Given entries.
□ □ □ □
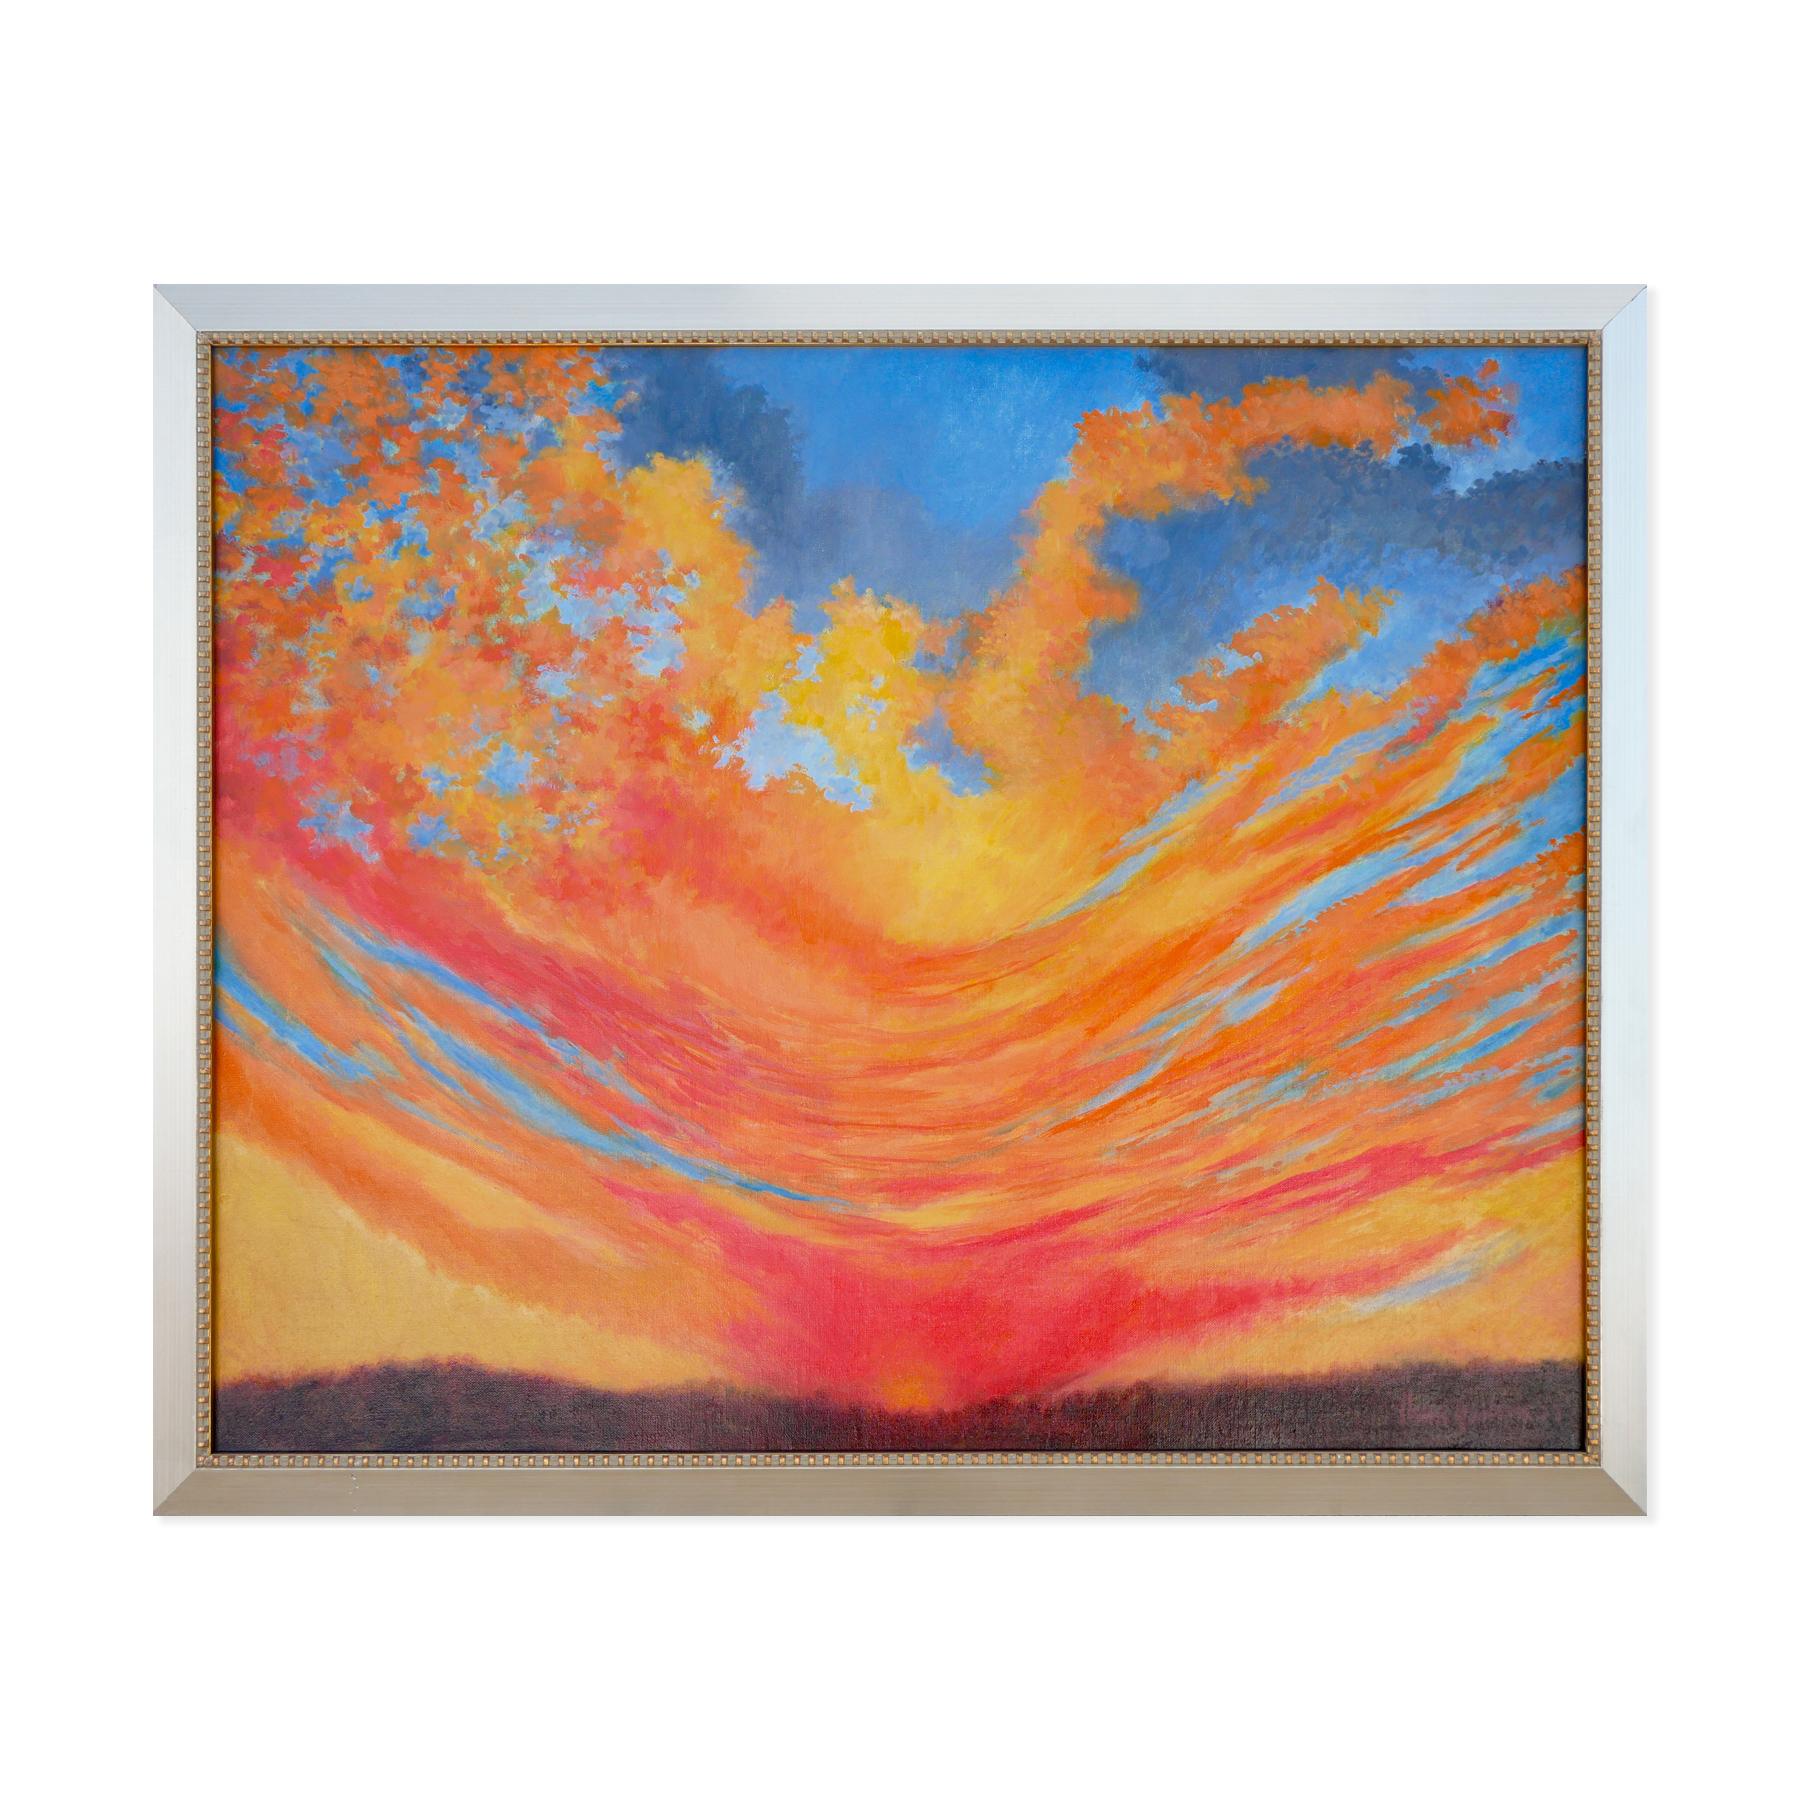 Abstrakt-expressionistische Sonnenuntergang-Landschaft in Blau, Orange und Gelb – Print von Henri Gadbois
□ □ □ □
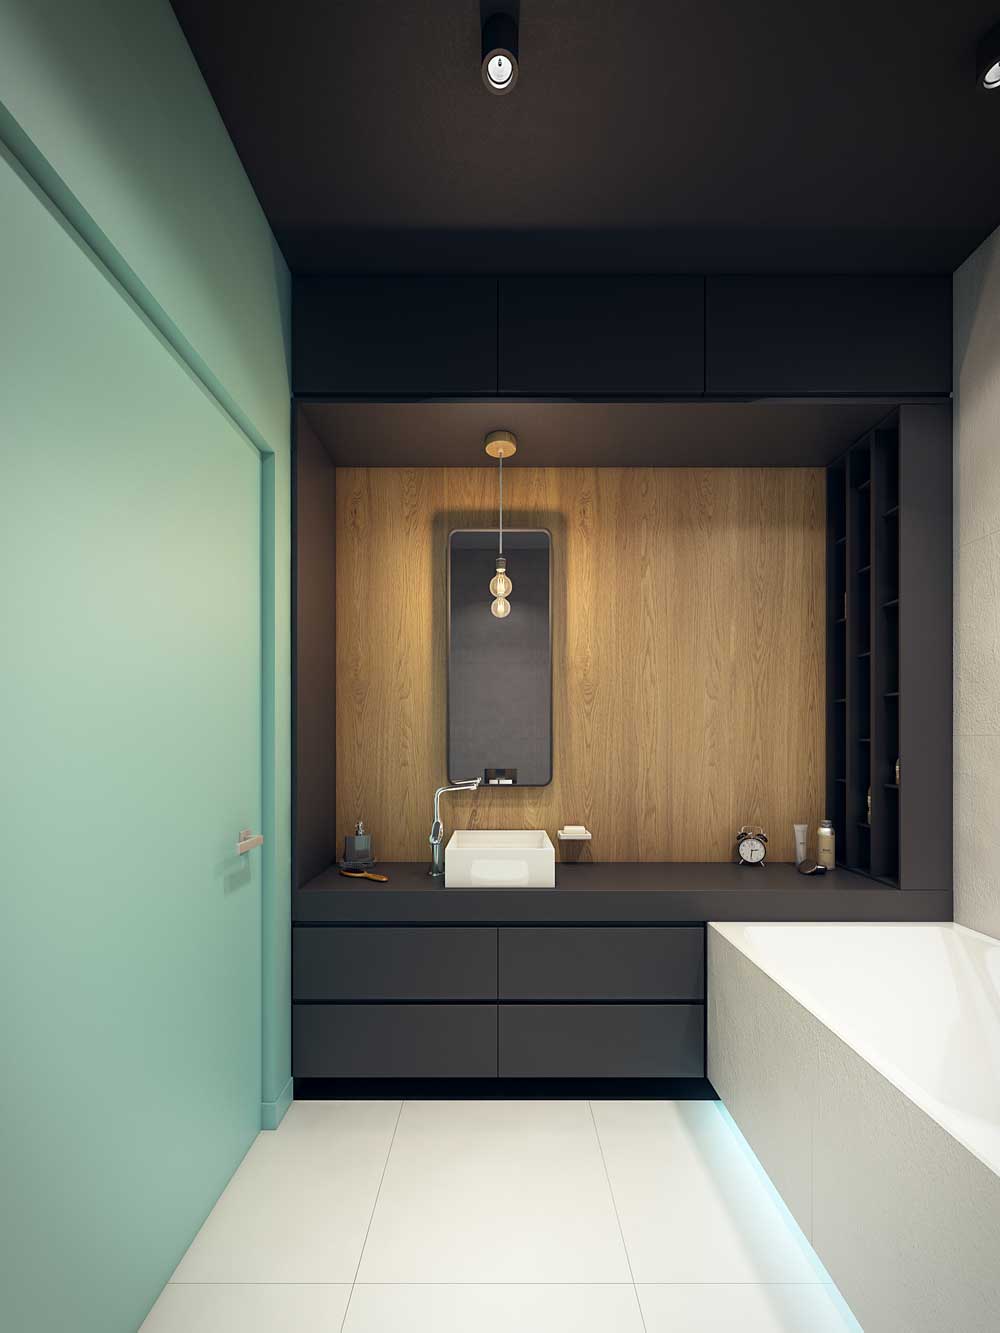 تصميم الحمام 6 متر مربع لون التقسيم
□ □ □ □
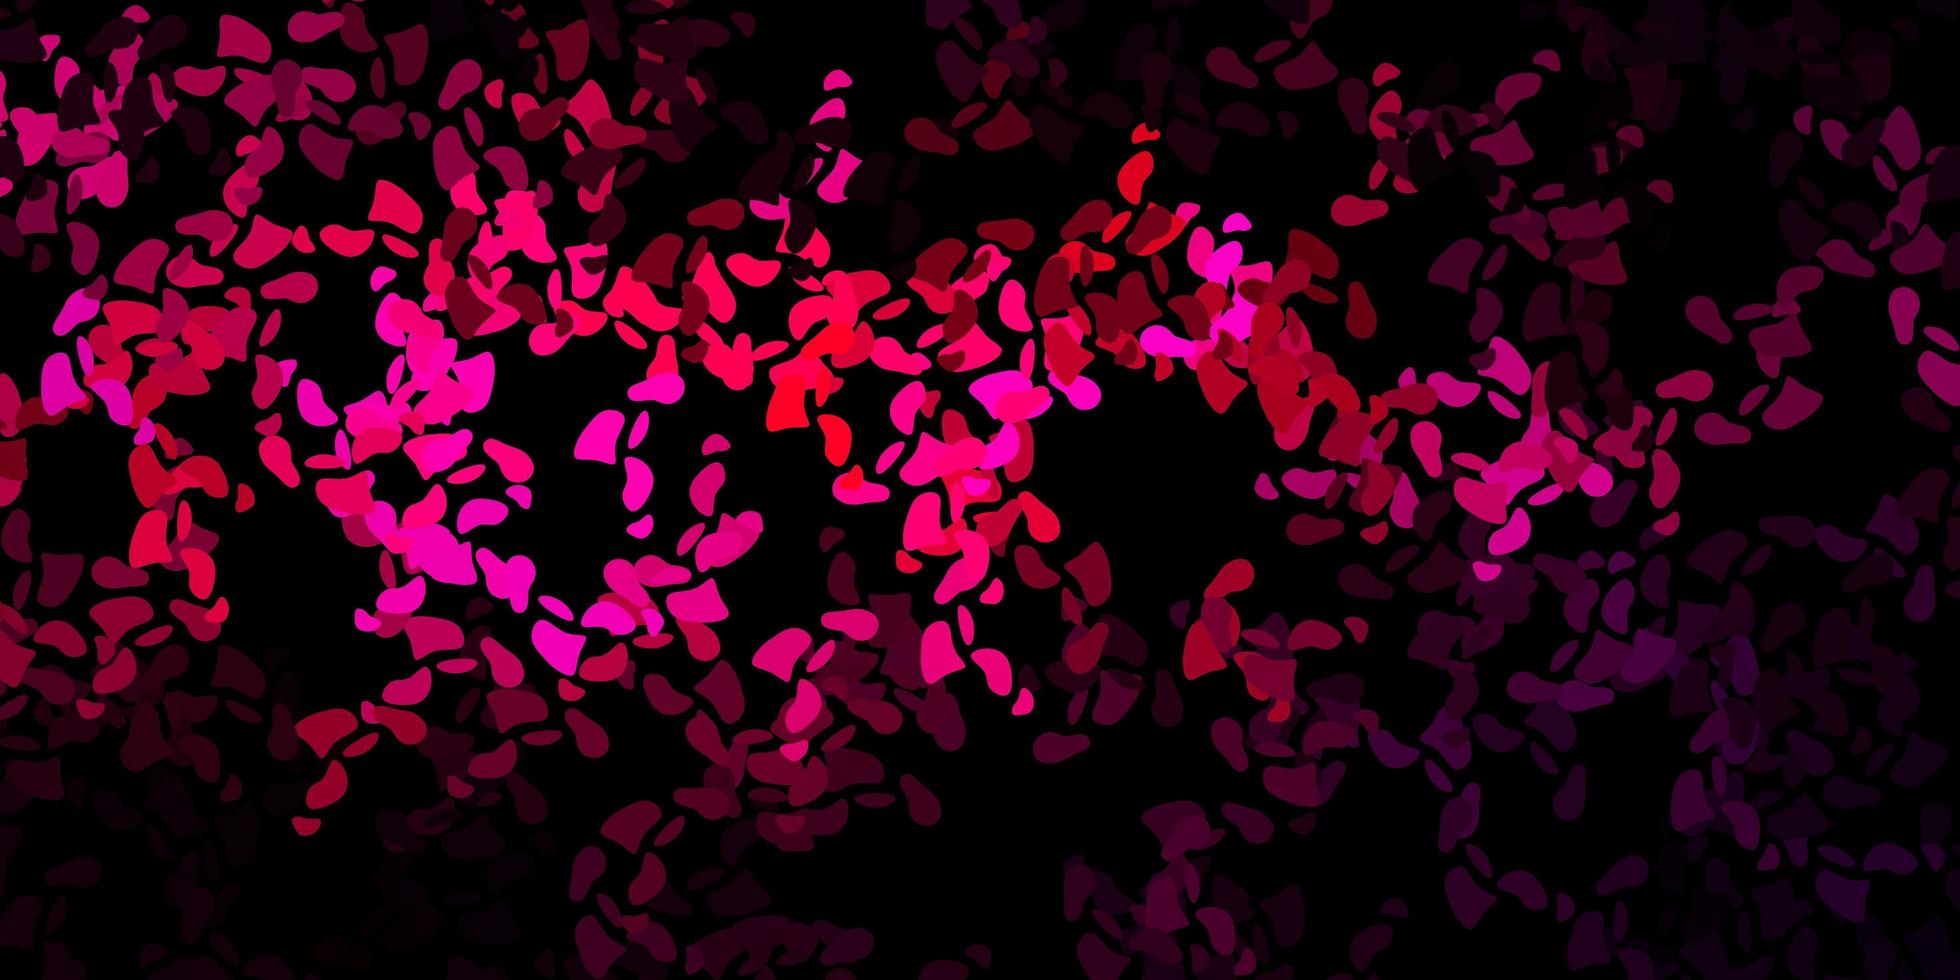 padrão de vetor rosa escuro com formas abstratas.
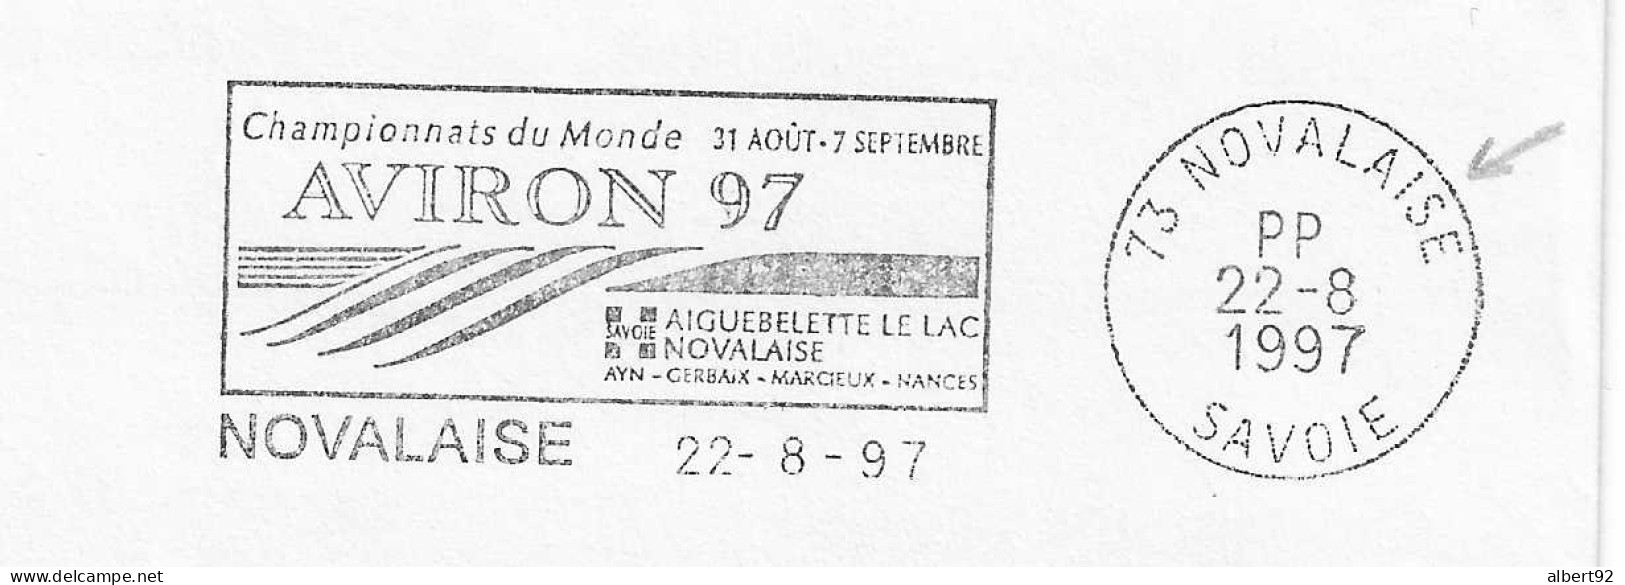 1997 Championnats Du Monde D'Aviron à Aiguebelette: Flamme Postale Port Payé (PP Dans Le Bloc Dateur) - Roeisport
□ □ □ □
Task statement.
With the pictures removed from your copy, retype the lines above from the one that contains "padrão de vetor" through the one that contains "1997 Championnats Du", exactly.

Output of the exercise.
 padrão de vetor rosa escuro com formas abstratas.
 1997 Championnats Du Monde D'Aviron à Aiguebelette: Flamme Postale Port Payé (PP Dans Le Bloc Dateur) - Roeisport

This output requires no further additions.